*** Data segment Section Begins ***

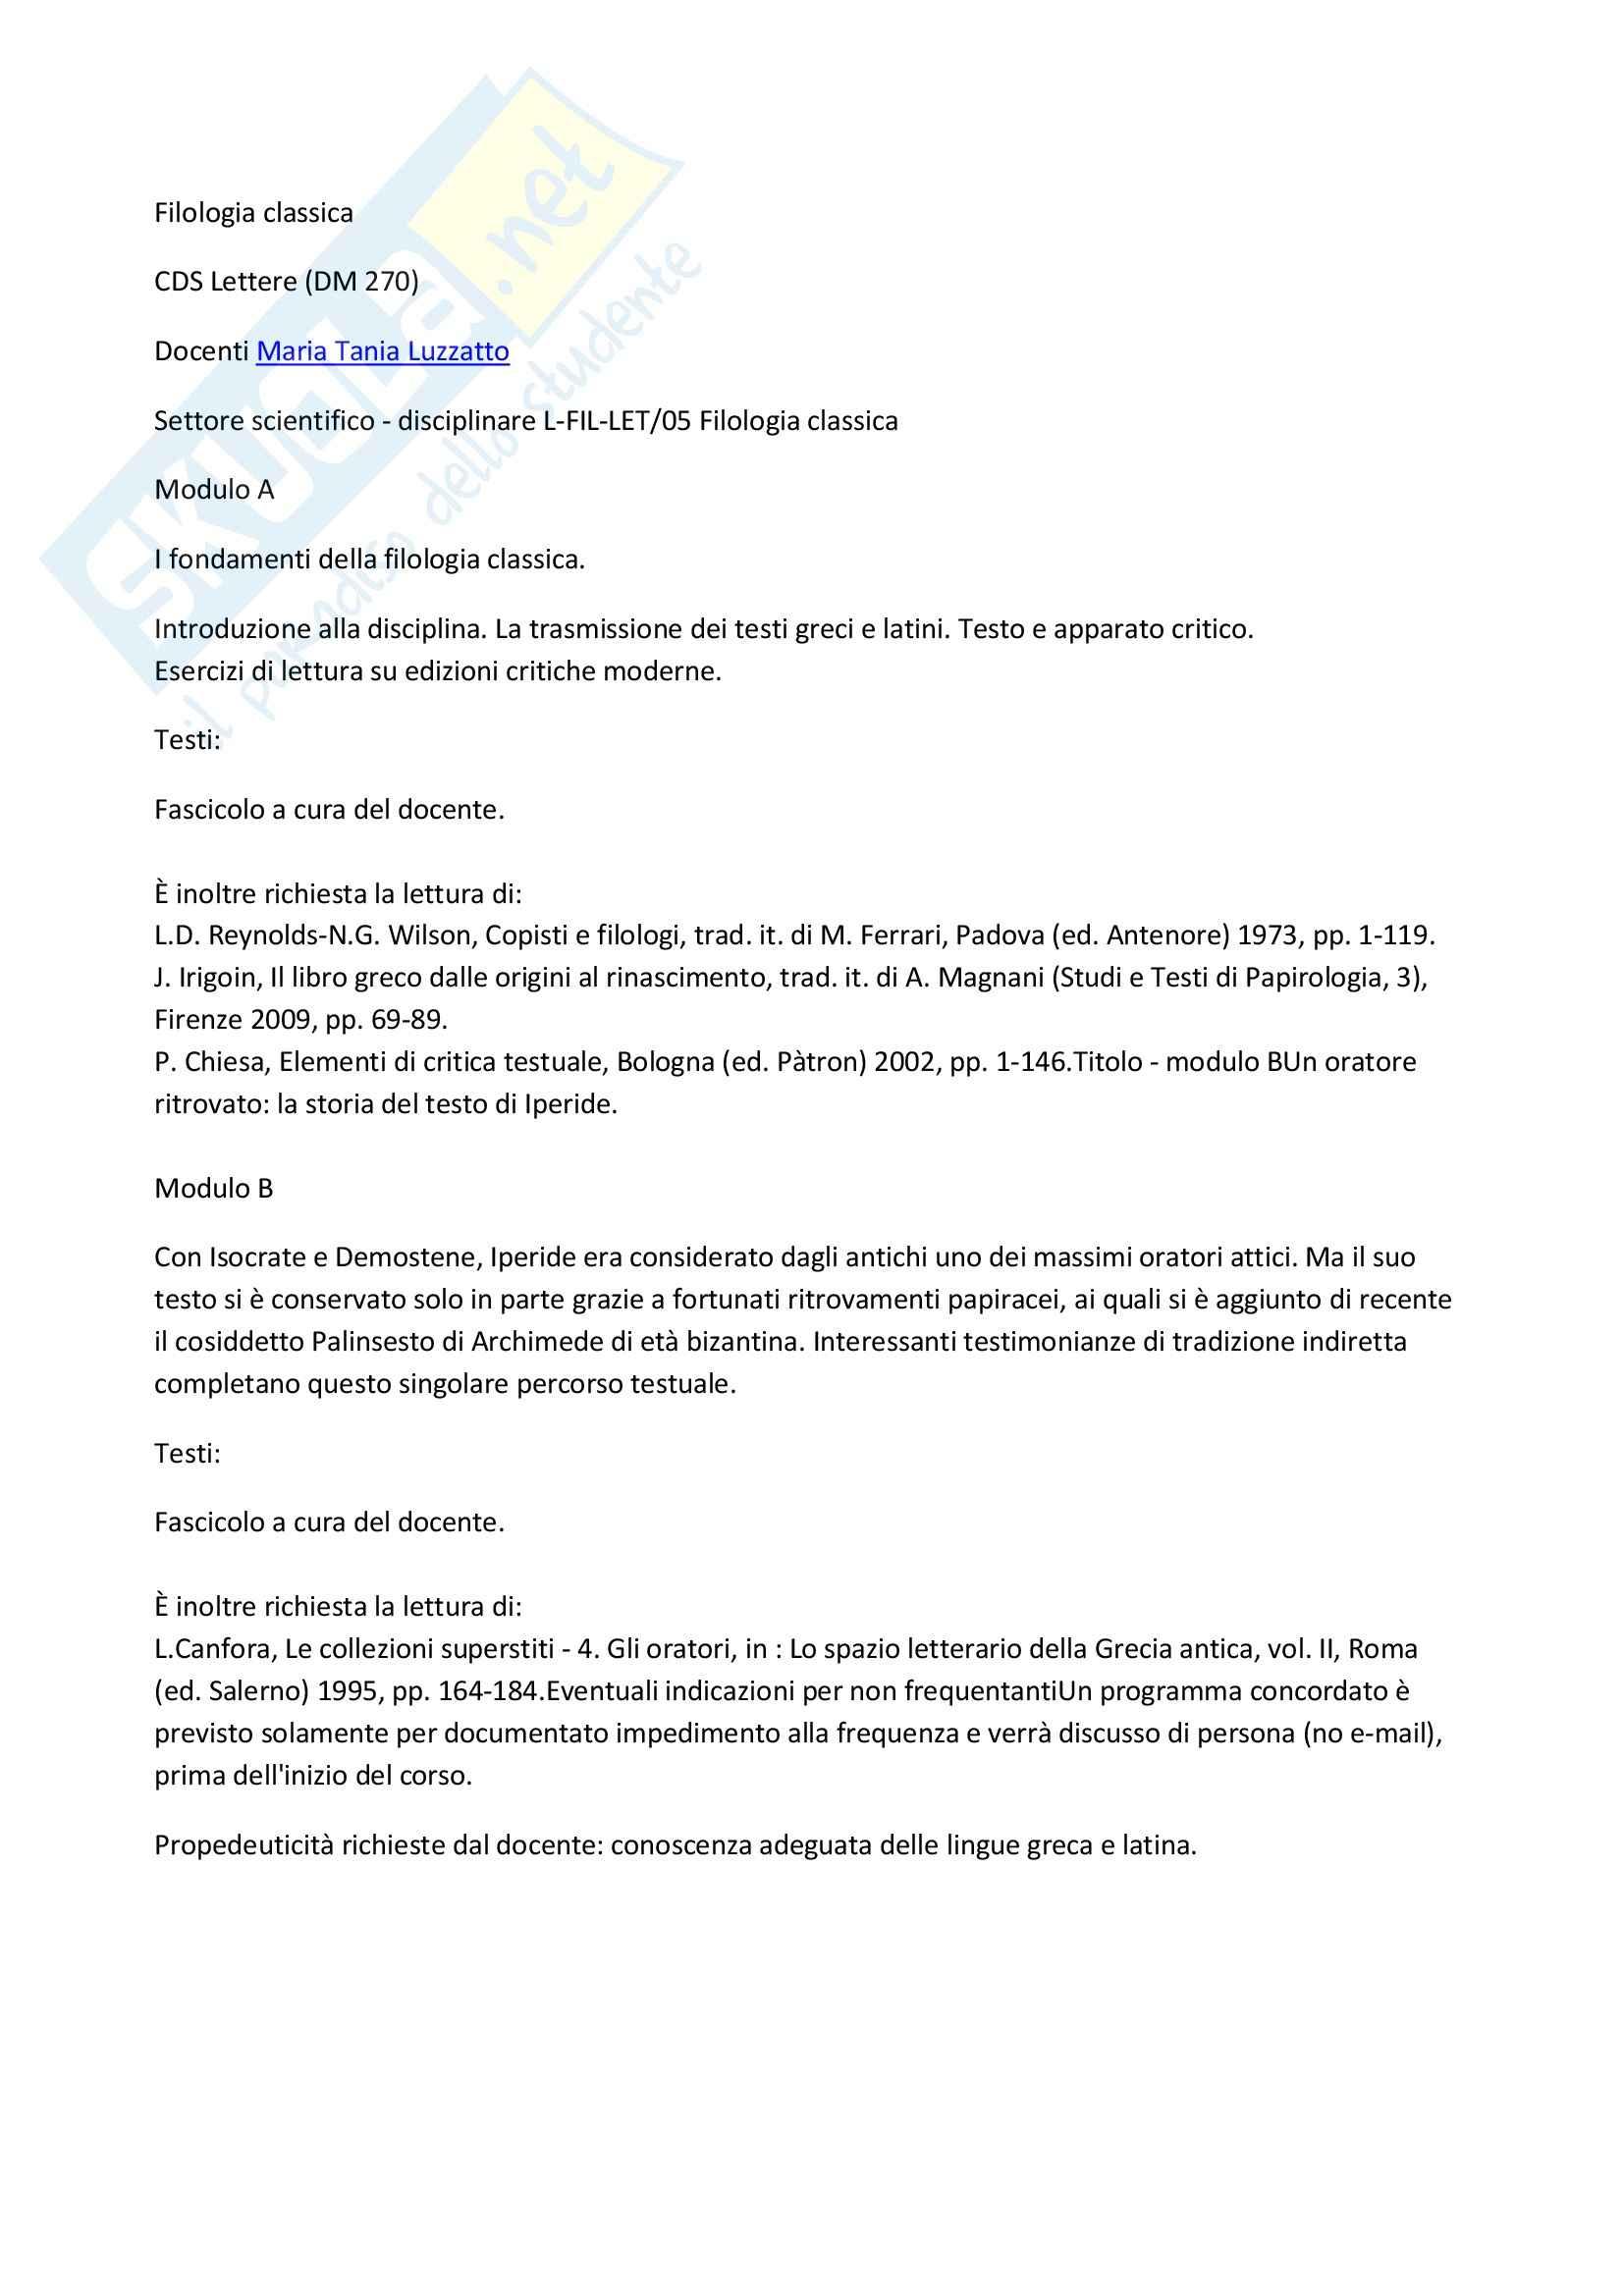 Fondamenti della filologia classica.
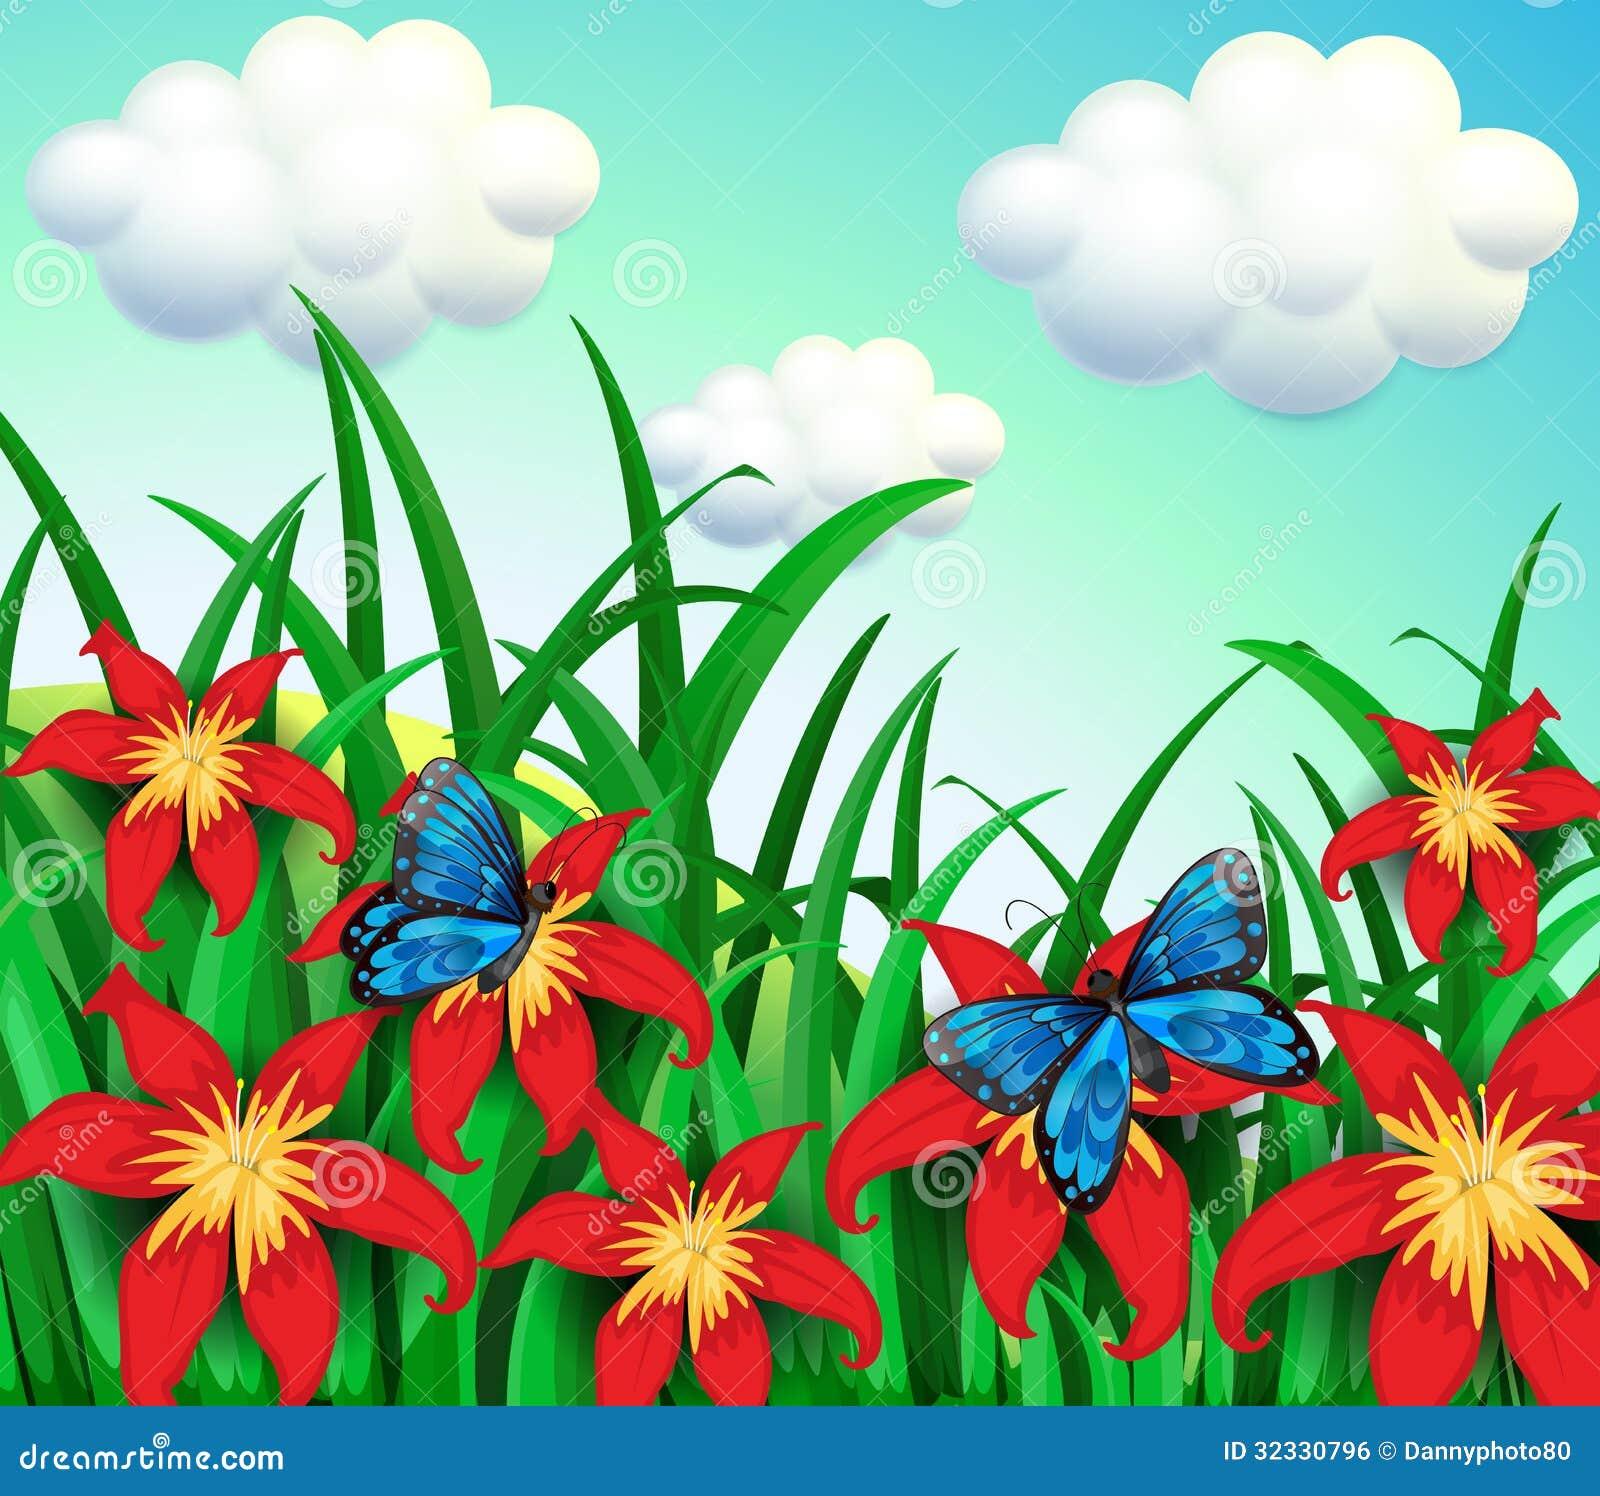 jardim rosas vermelhas:Duas Borboletas No Jardim Com Flores Vermelhas Imagem de Stock Royalty
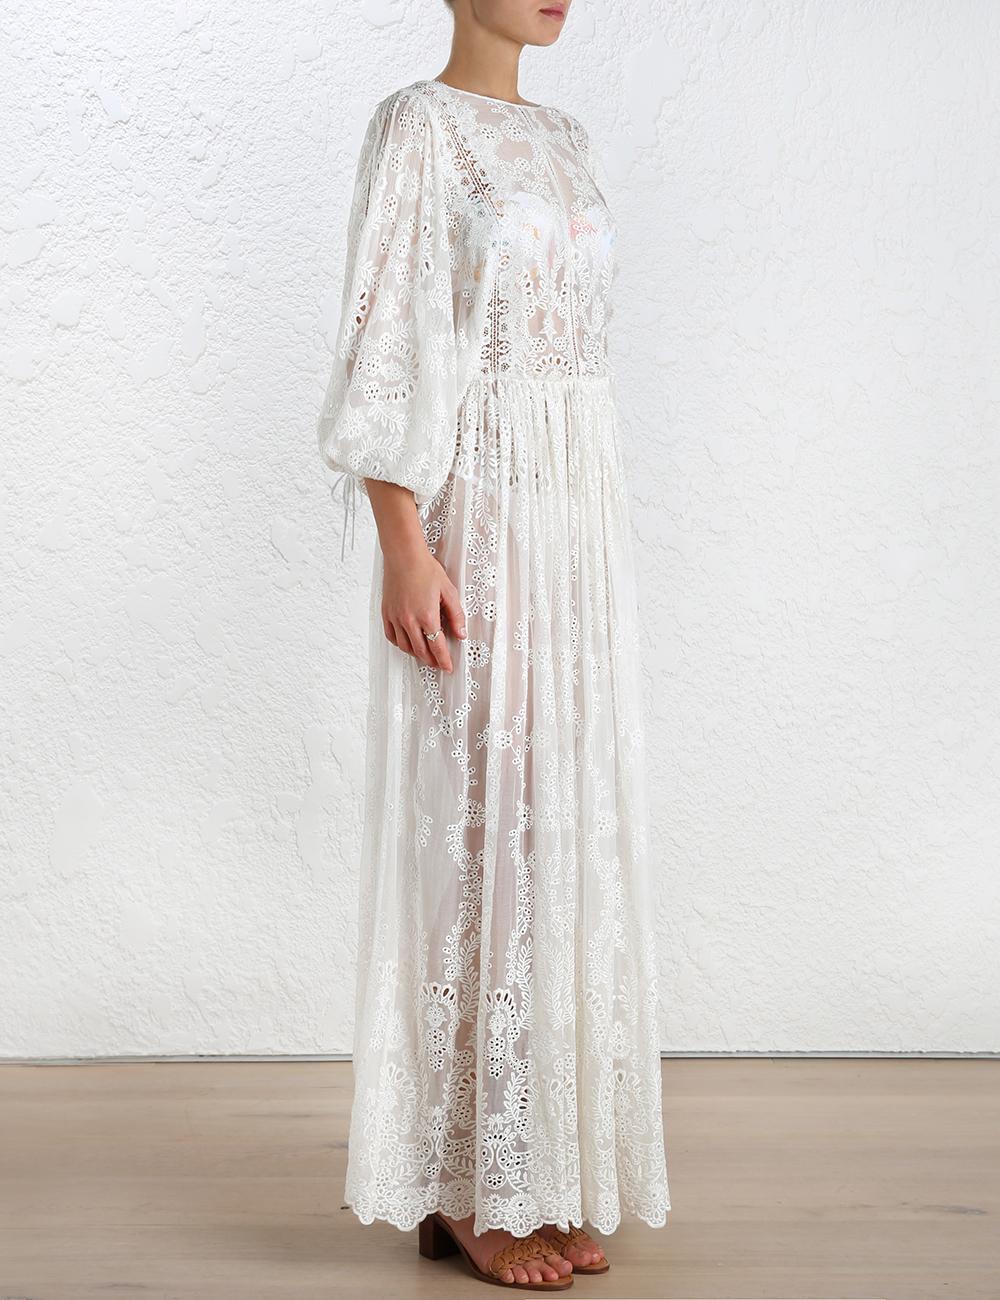 79ddece8eeb4 Zimmermann Alchemy Embroidery Long Dress in White - Lyst

*** Data segment Section Ends ***

## Task item
Give back the data exactly. Skip any images.

## Answer box
 Fondamenti della filologia classica.
 jardim rosas vermelhas:Duas Borboletas No Jardim Com Flores Vermelhas Imagem de Stock Royalty
 79ddece8eeb4 Zimmermann Alchemy Embroidery Long Dress in White - Lyst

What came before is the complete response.